[英]Querying large table in postgresql
I have very slow query which causes timeout error. 我的查询速度很慢,导致超时错误。 I need all this data and sometimes even grouped by month.
我需要所有这些数据,有时甚至需要按月分组。
Requirements are that I have to display data old 4 years. 要求是我必须显示4年以前的数据。 Results are displayed in a form of grid which has pagination so it must count all this results also which is performance intensive.

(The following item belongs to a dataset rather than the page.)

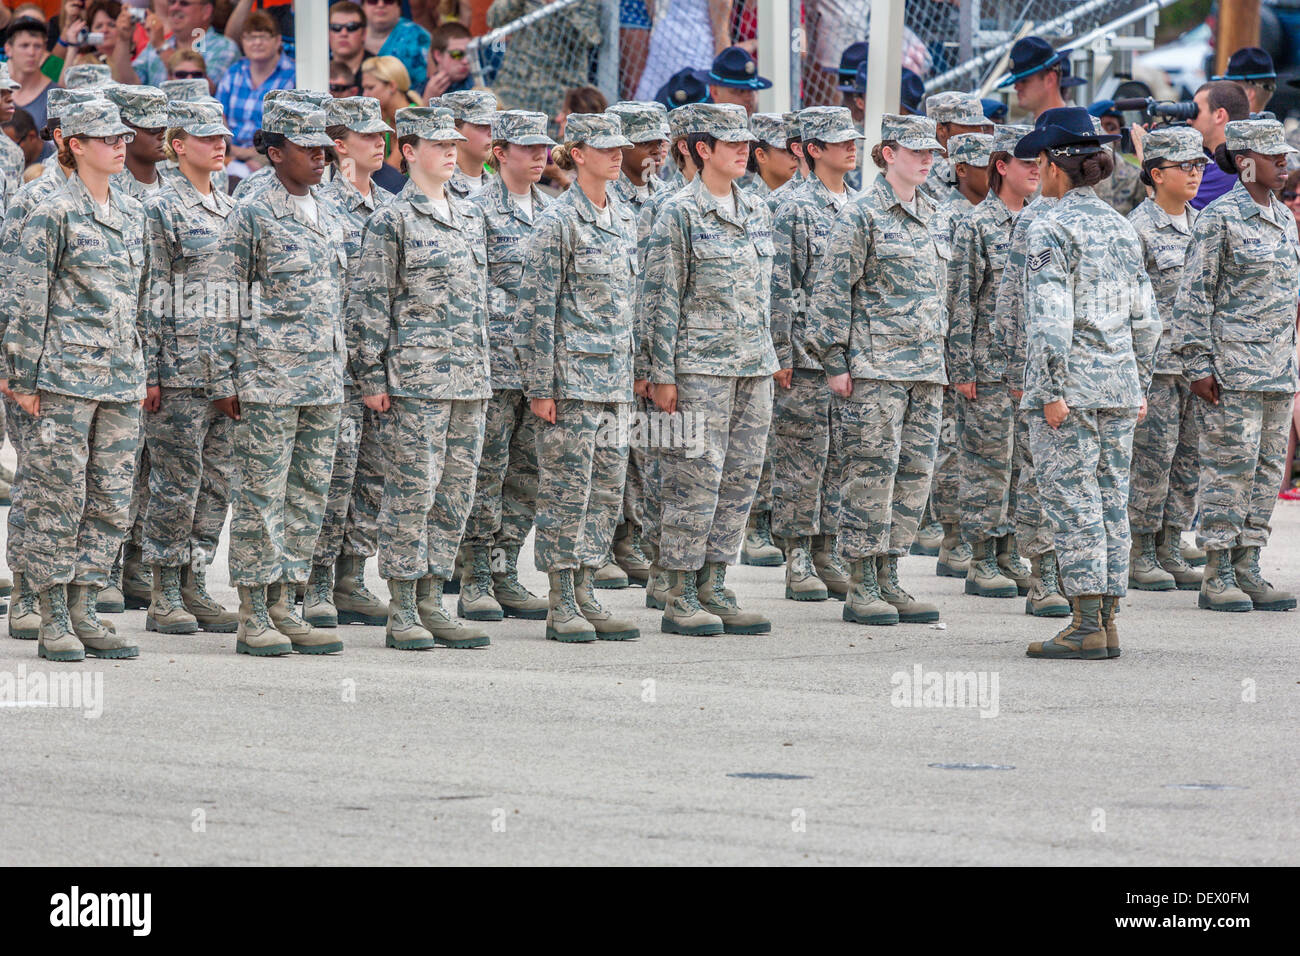 Vuelo de aviadores femenino en la atención en la formación de la Fuerza Aérea de los Estados Unidos durante la formación básica las ceremonias de graduación Foto de stock

结果以具有分页的网格形式显示,因此它也必须计算所有这些结果,这也是性能密集型的。
I was thinking about running crons which will calculate new rows so we don't have to use aggregated functions on flow, but what should I do with old data(100 millions of rows)? 我正在考虑运行可计算新行的cron,因此我们不必在流上使用聚合函数,但是对旧数据(亿行)应该怎么办?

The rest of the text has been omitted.